室町時代前期の1429年、日本にきた朴端生は、次のように復命していた。
それによると「日本の農人水車の設けあり」として、学生の金慎に「造車の法」を精査させて模型を作り、鍍銀(銀めっき)、造紙(紙漉)、朱紅、軽粉等の製造法を報告している。
この時の復命では、日本の貨幣経済の実態や店舗商業の発展等にも及んだが、その中で技術に言及していたのは、渡航前に世宗から「倭紙堅靱、造作の法また宜しく伝習すべし」と、日本の技術を導入するよう命じられていたからである。
だが残念なことに、それらの技術はいずれも朝鮮の風土に定着しなかった。
灌漑施設としての水車の優秀性は、その後も何度か提議されていたし、造紙のほうも17世紀になり、柳馨遠が「倭楮の軽沢精緻に如かず」と、日本の楮(こうぞ)である倭楮を使った紙の製造を提唱しているからだ。
これらの事実は、朝鮮側には日本の技術を受容し維持するだけの土壌が整っていなかったことを示している。
これに対して日本では、朴端生が日本を訪れる百年以上も前に、水車を利用して離宮に川の水を汲み上げた話が『徒然草』(第五十一段)に記されている。
その水車が農民たちの手で取り付けられていたことを考えると、当時、日本と朝鮮の間には相当の技術格差があったことがわかる。
したがって、韓国の歴史教科書にあるように「技術を学ぶのに苦労していた」のは、日本側ではなくむしろ朝鮮の方であったのである。

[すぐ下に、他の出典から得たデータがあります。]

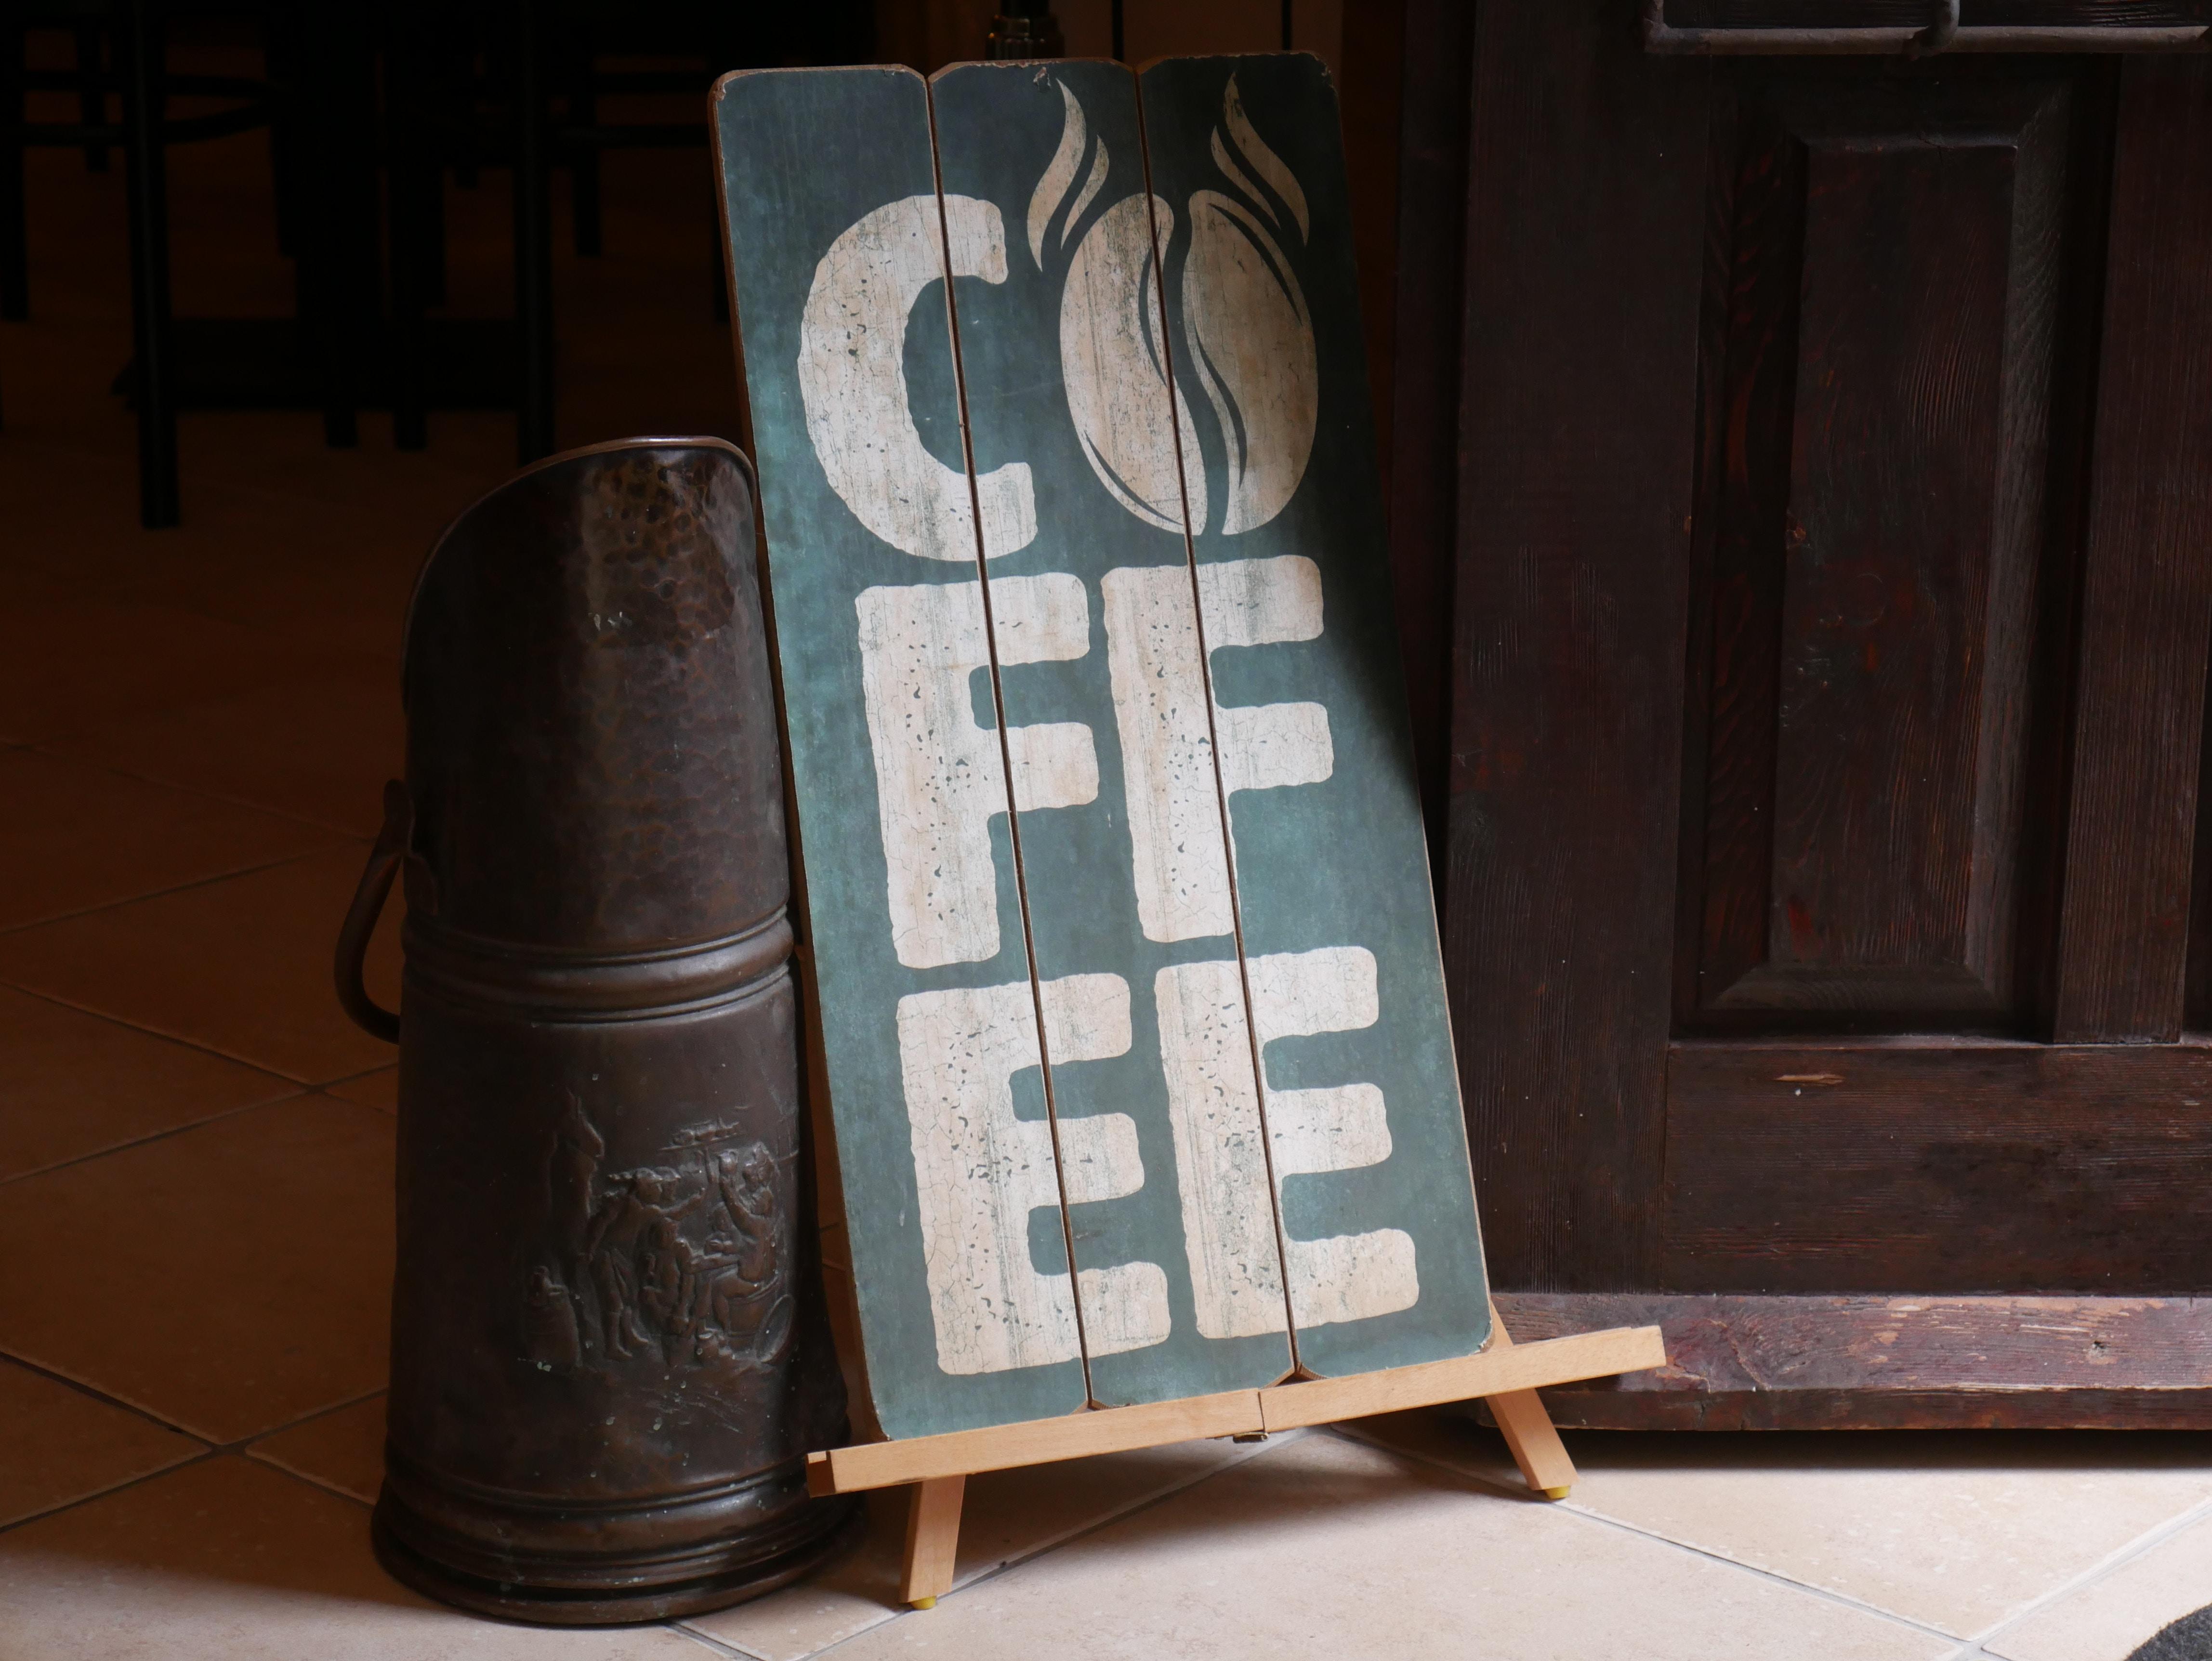 Coffee signboard near door

そして、この現実は後世、実学者と呼ばれた人々が日本や清との技術的格差を深刻に捉え、その導入方法に苦慮していたことでも明らかなように、近世に入っても変わりがなかったのである。
このことは技術に限らず、文化一般についても言えた。
通信使一行の中で公式的に日本側と文書の交換をした書状官の人選が重視されたのは、日本側にも朝鮮側に劣らない文章力があったことを示している。

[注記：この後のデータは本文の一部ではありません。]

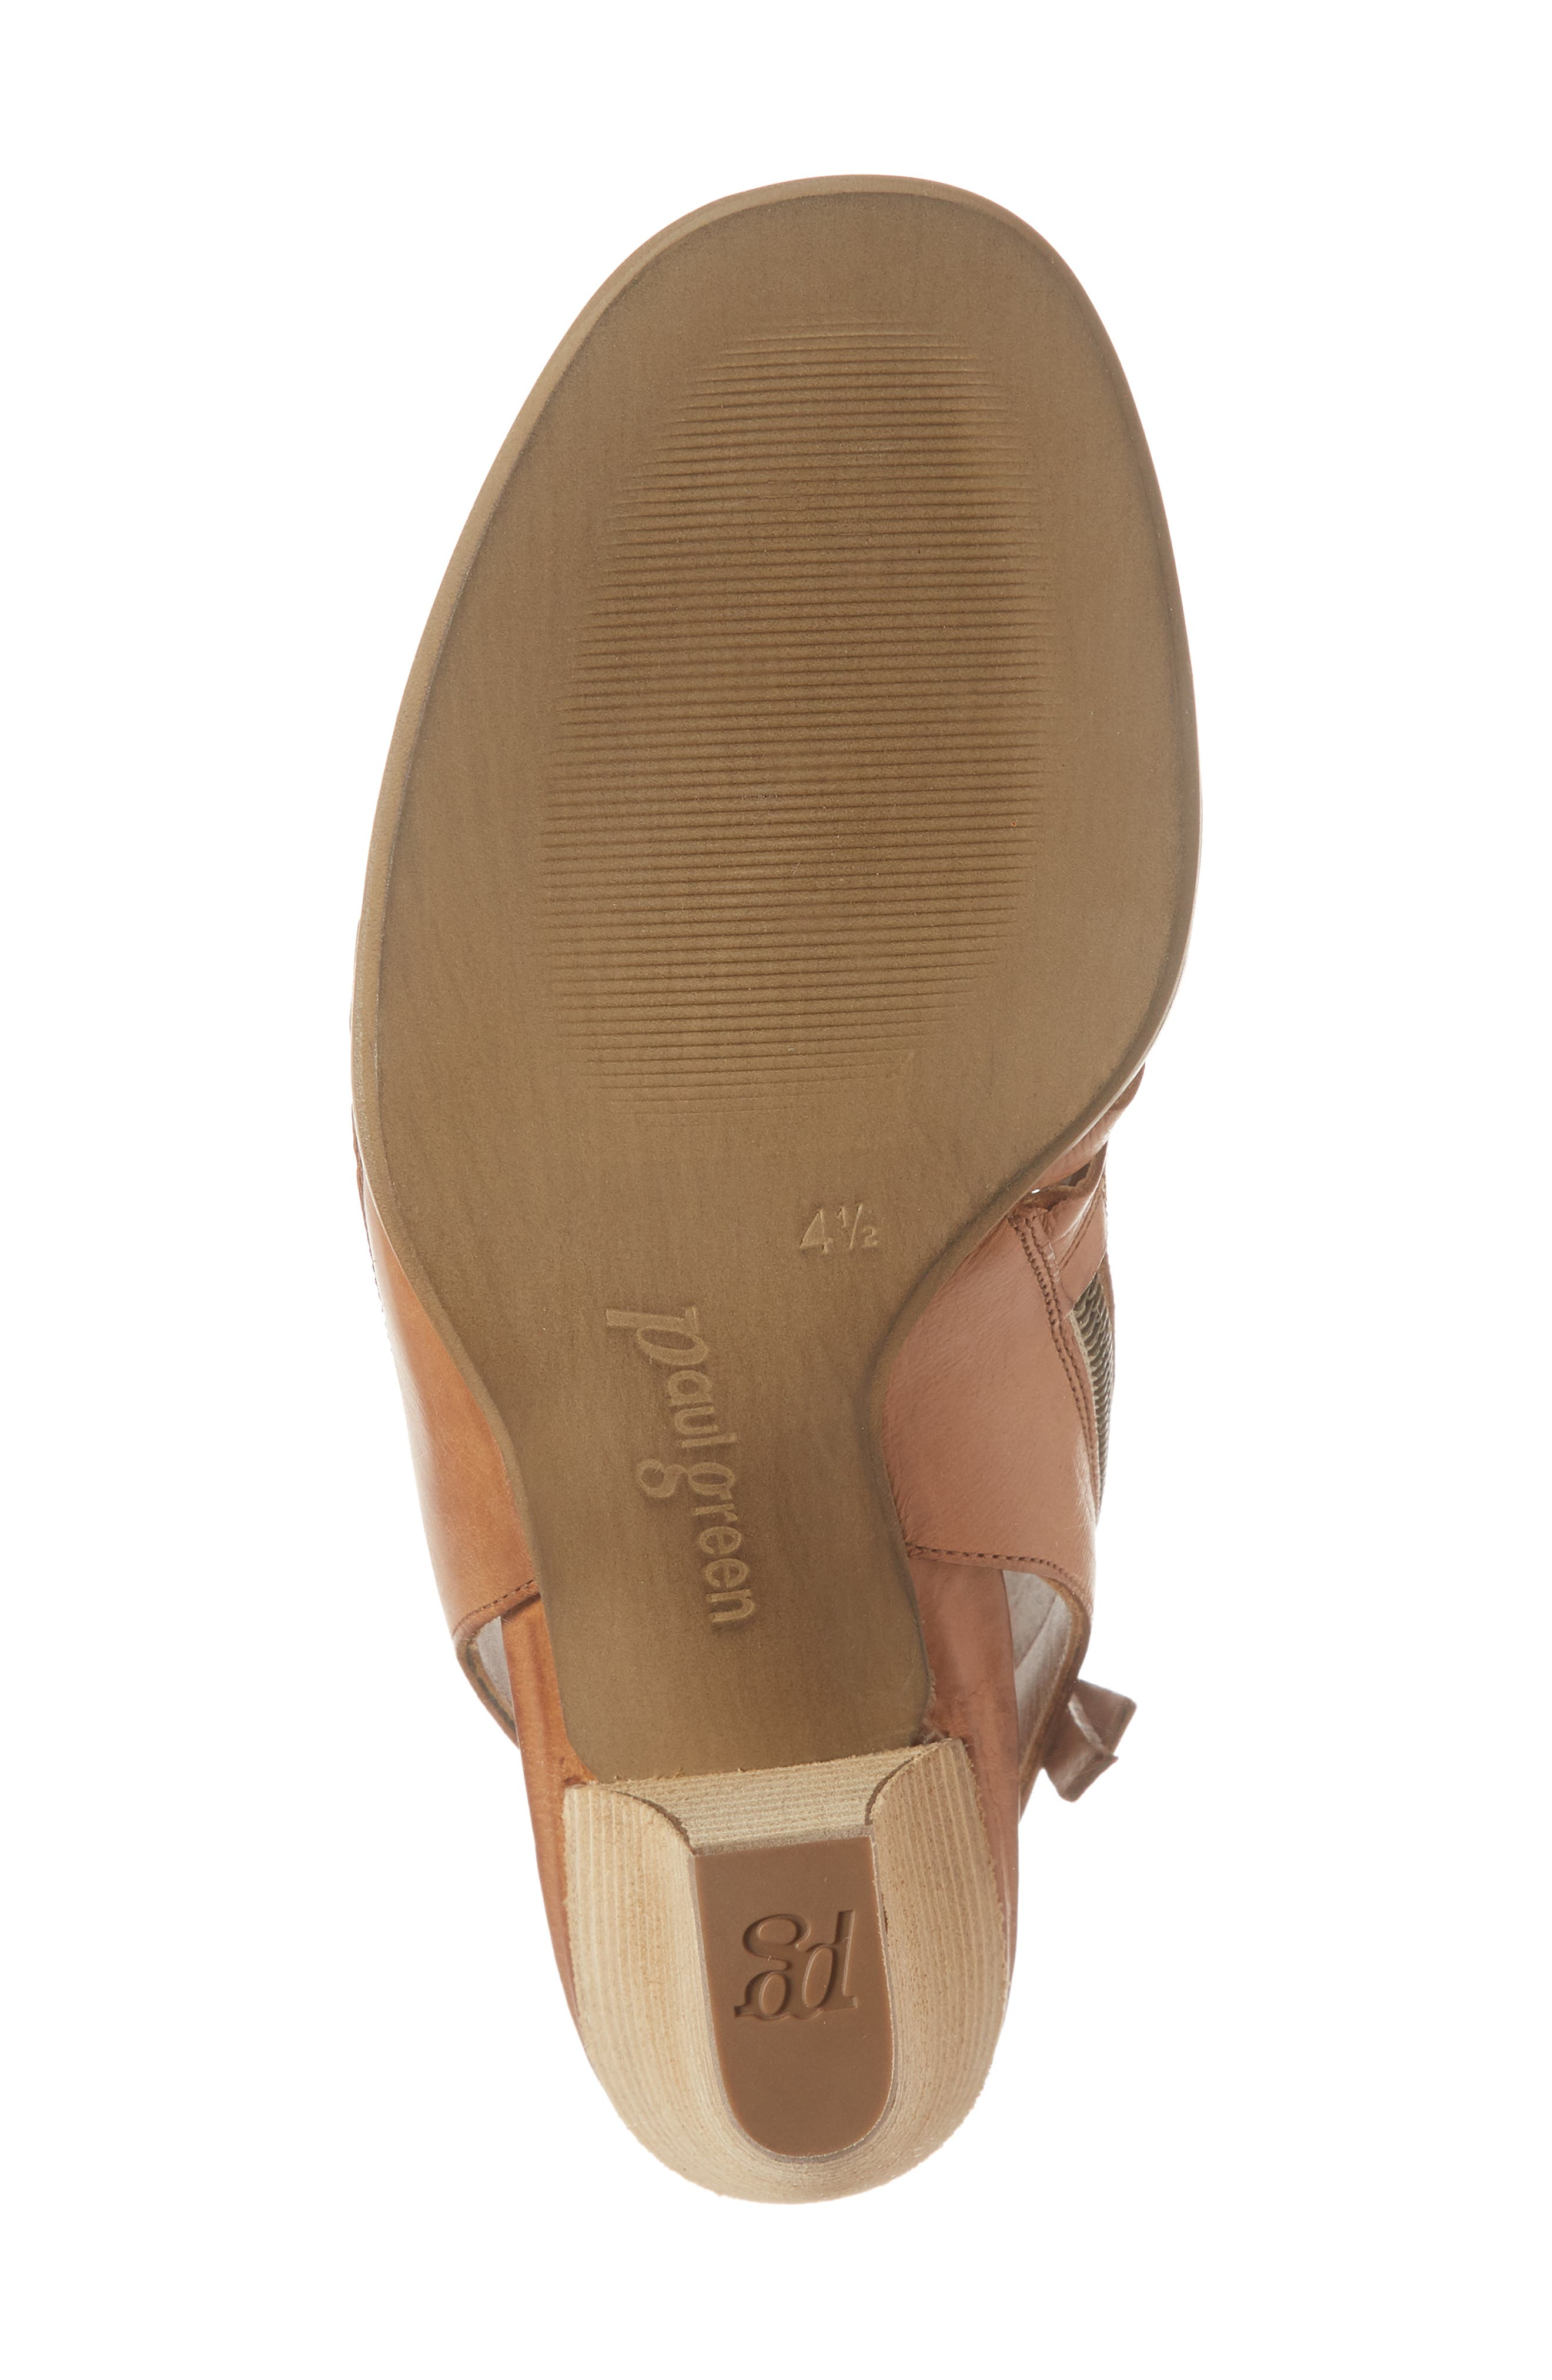 Rosa Woven Peep Toe Sandal,                             Alternate thumbnail 6, color,                             Cuoio Leather

朴端生の十数年後、申叔舟が書状官として日本に渡った際、その人選が遅れた理由を、「その国俗、詞章を喜び、書状官を擬してその人を難ず。
かつ風濤嫌悪、人皆行くを憚」ったからだ、と姜希孟が「文忠公行状」の中で述べているのは、その事実を伝えるものである。
これは15世紀のことであったが、その現実はその後も変わりがなかった。
宣祖二十年(1586年)、日本からの使臣を迎えることになった朝鮮側では、「況んや日本人、詩を能くし、酬唱(詩を作って互いにやりとりすること)の際もし或いは未だ尽くさざれば必ずその国に伝笑す。
関する所軽きにあらず。宣慰使は職秩の高下を論ずることなく、一代の文章の士を極めよ」とし、日本に対する対抗意識を露にしていた。